The New York Times Book Review - Meghan Daum
Readers familiar with [Walker's 2010 memoir, Street Shadows], will experience this one as a detailed origin story fused with a history lesson about the Worldwide Church of God and its charismatic and duplicitous leader, Herbert W. Armstrong, who reschedules the Great Tribulation as necessary…the book is a devastating testament to the scope of the damage that can be wrought by fanaticism.
From the Publisher
The key to the memoir’s cumulative power is Walker’s narrative command; the rite of passage is rockier than most, making the redemption well-earned.”

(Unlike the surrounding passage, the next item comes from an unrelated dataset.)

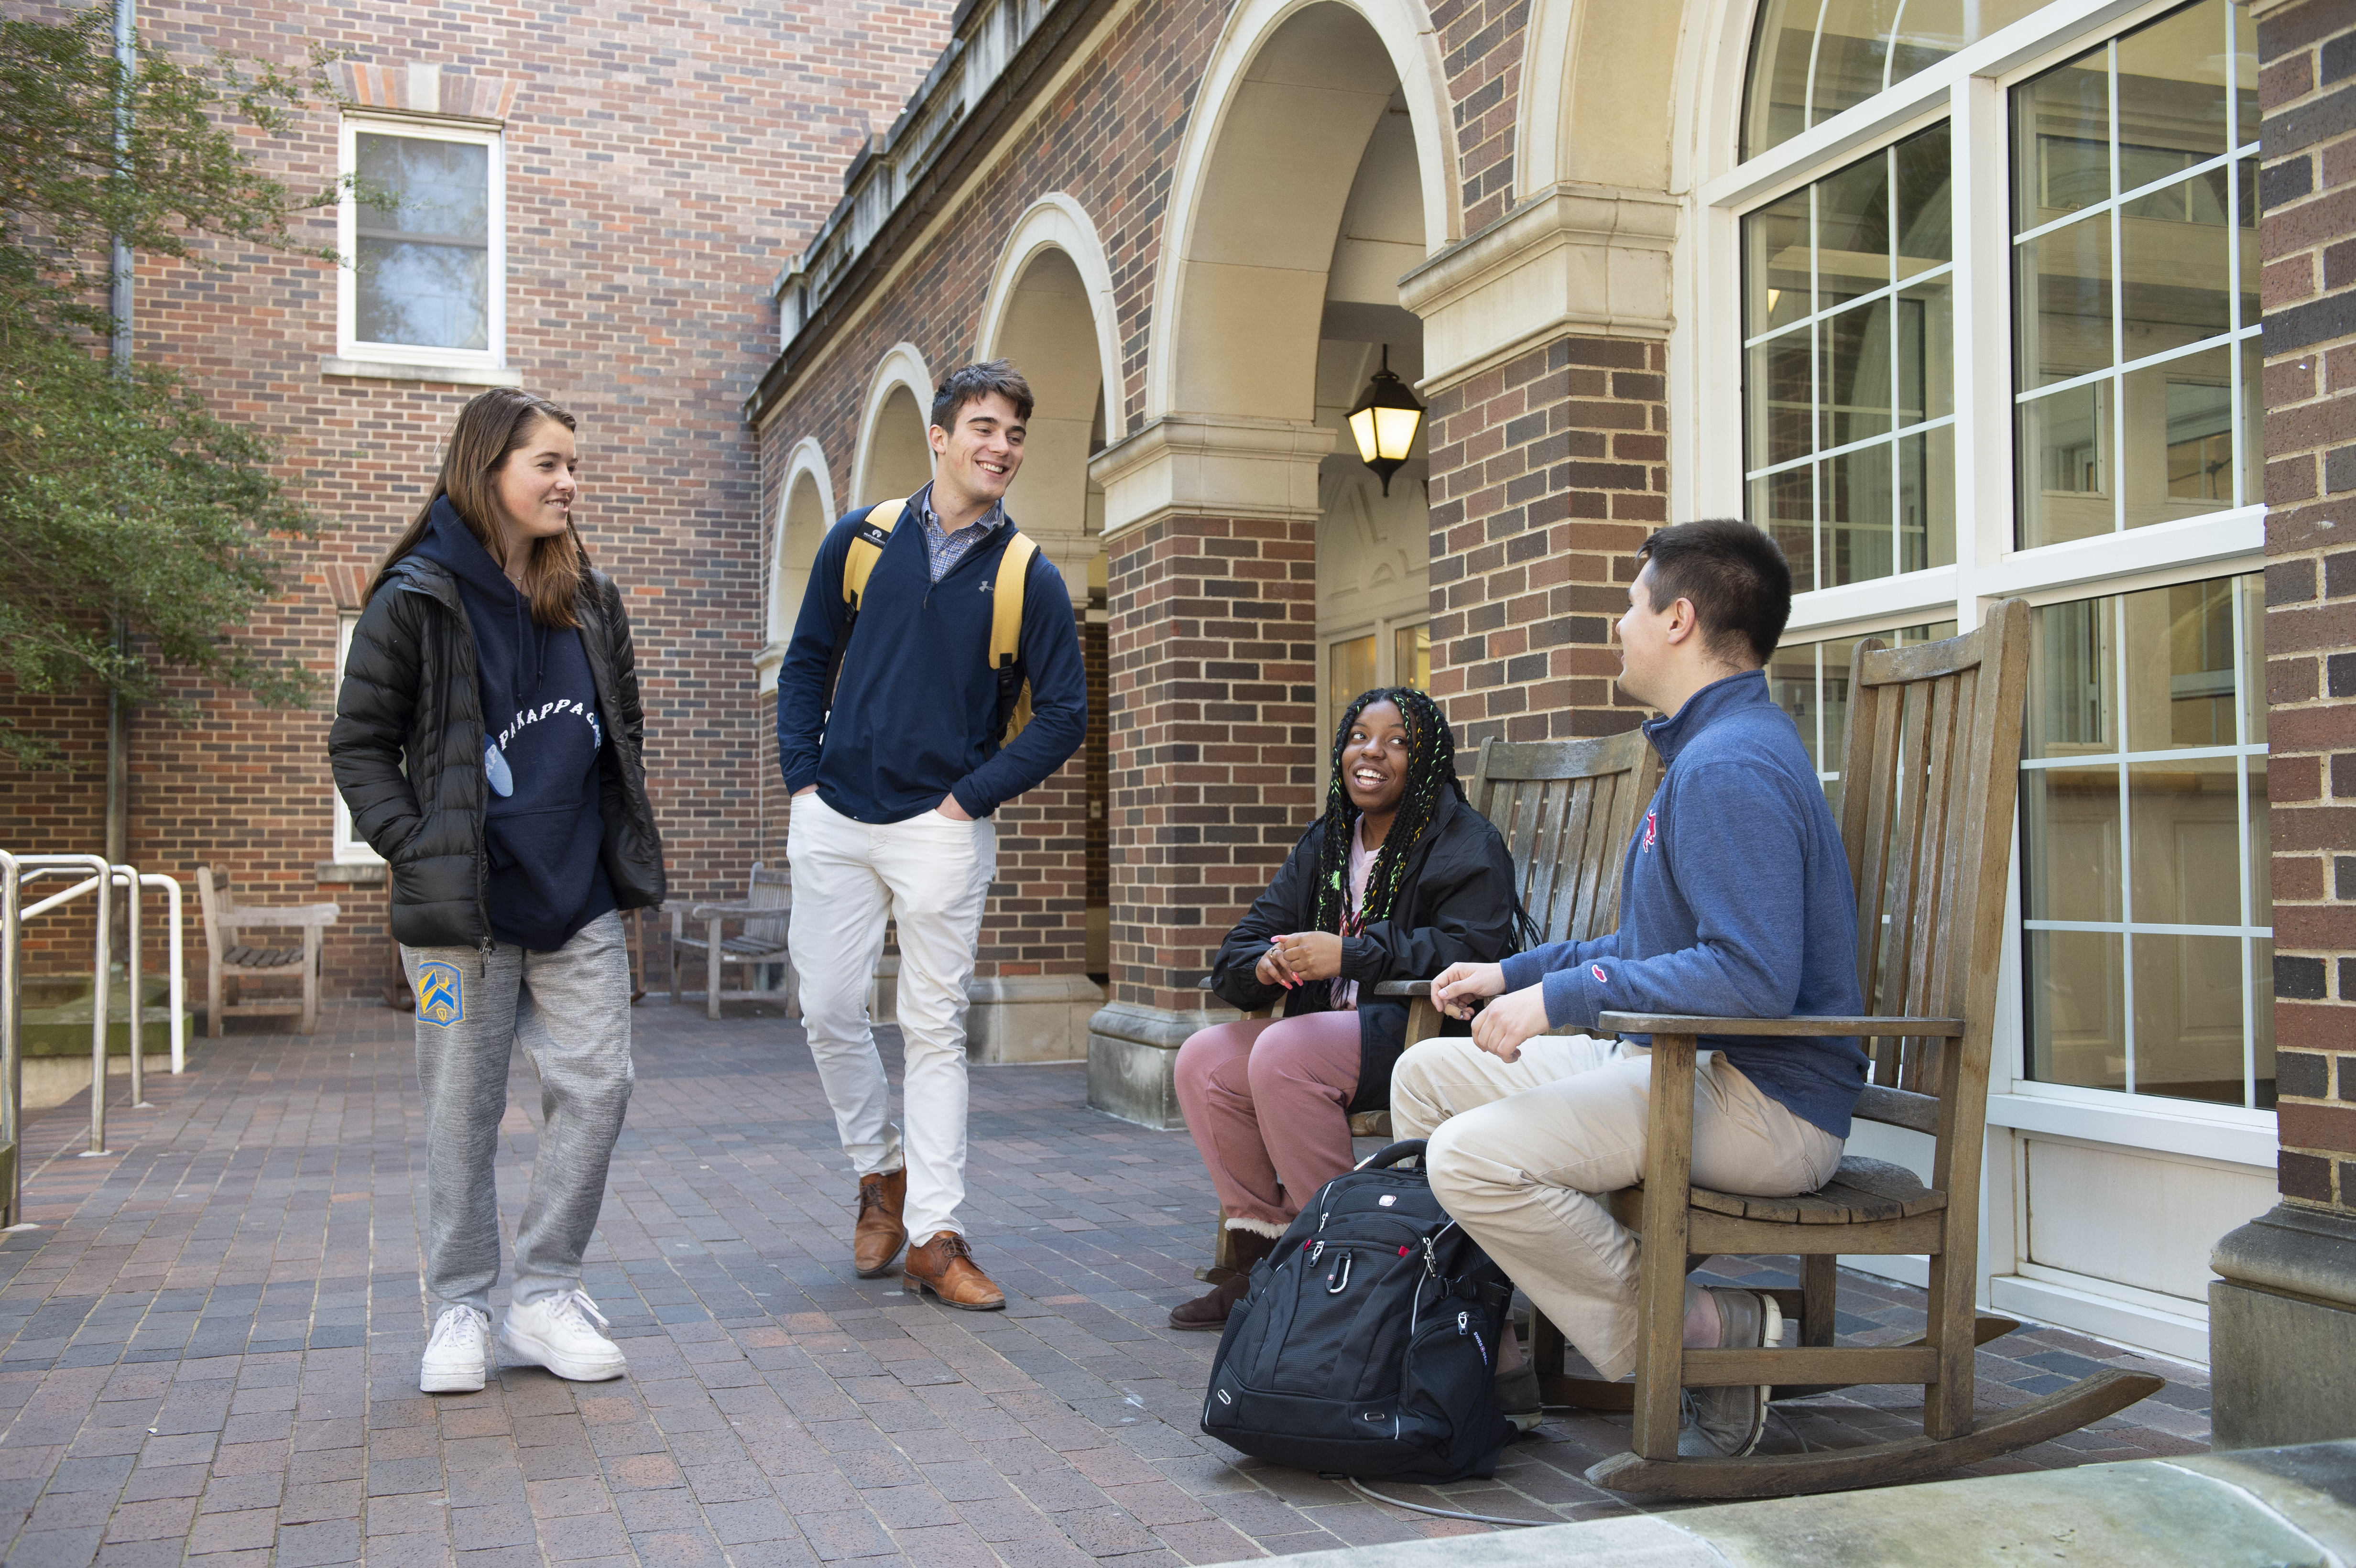 Two students sitting in rocking chairs talk to two students standing up in front of a residence hall.
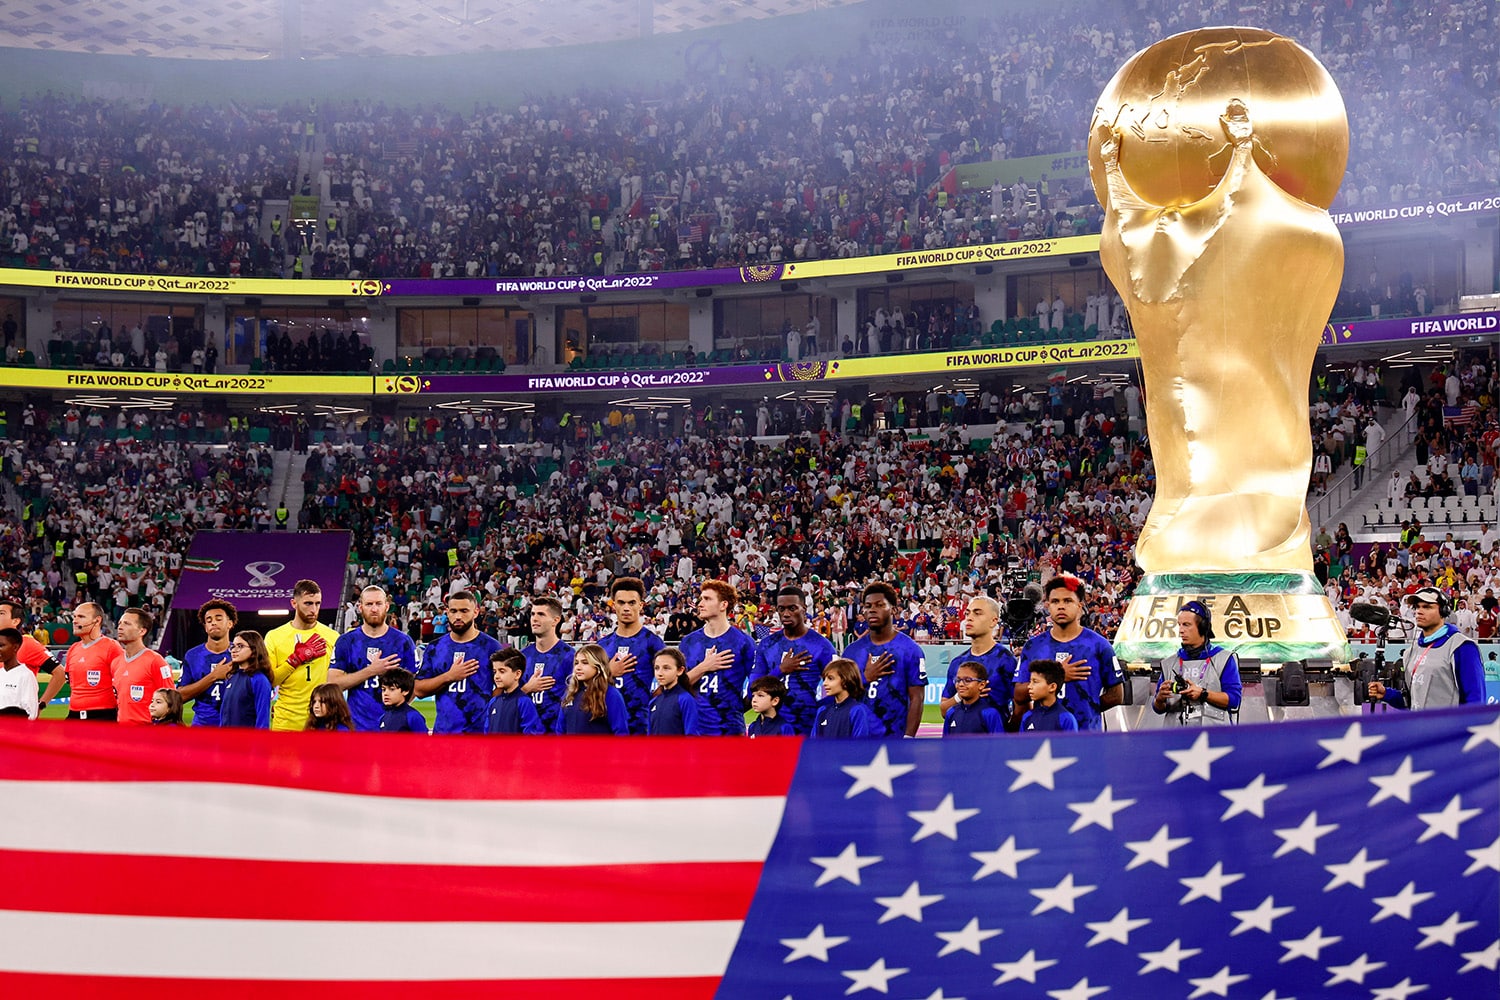 USMNT players sing along to national anthem during World Cup match

—Kirkus Reviews, starred review
“Jerald Walker has a remarkable story to tell, and he tells it with a wealth of grace and intelligence at his command.”
—Vivian Gornick
Kirkus Reviews
★ 2016-06-08
A memoir in which a young boy comes to terms with the religious cult that had given his family hope.In this follow-up to the author's Street Shadows: A Memoir of Race, Rebellion, and Redemption (2011), a debut that proved a breakthrough in terms of awards and recognition, the focus is tighter and the narrative challenge considerable, as Walker (Creative Writing/Emerson Coll.) assumes the perspective of the boy he was from ages 6 through 14, in a black family belonging to the overwhelmingly white (and segregationist) Worldwide Church of God. Its charismatic founder, Herbert W. Armstrong, had prophesied that only the anointed "chosen" would find redemption upon the Earth's imminent destruction. Young "Jerry" would barely be 11 years old when this would happen, and he accepted the prophecy on faith, though the specifics of his religion confused his young mind. His alcoholic, epileptic father and his mother—both blind—had embraced the cult in part because they thought sight would be their reward. They also had some secrets in their pasts that their son would only learn later. As the predicted apocalypse of 1975 failed to happen and the boy matured and experienced more of the world, he lost faith in the church, as did other congregants and members of his family. He found himself torn between Armstrong's vision of a better life to come and the streetwise testimony of Iceberg Slim and other hustlers. At a pivotal point, he writes, "my life isn't becoming a real horror show, I'm thinking. It's been one for a long time." He asked his older brother, "How do you un-believe a belief?" and he learned "how the world is full of deception, how very few people can really be trusted, how it's important that I learn to think and make decisions on my own." The key to the memoir's cumulative power is Walker's narrative command; the rite of passage is rockier than most, making the redemption well-earned.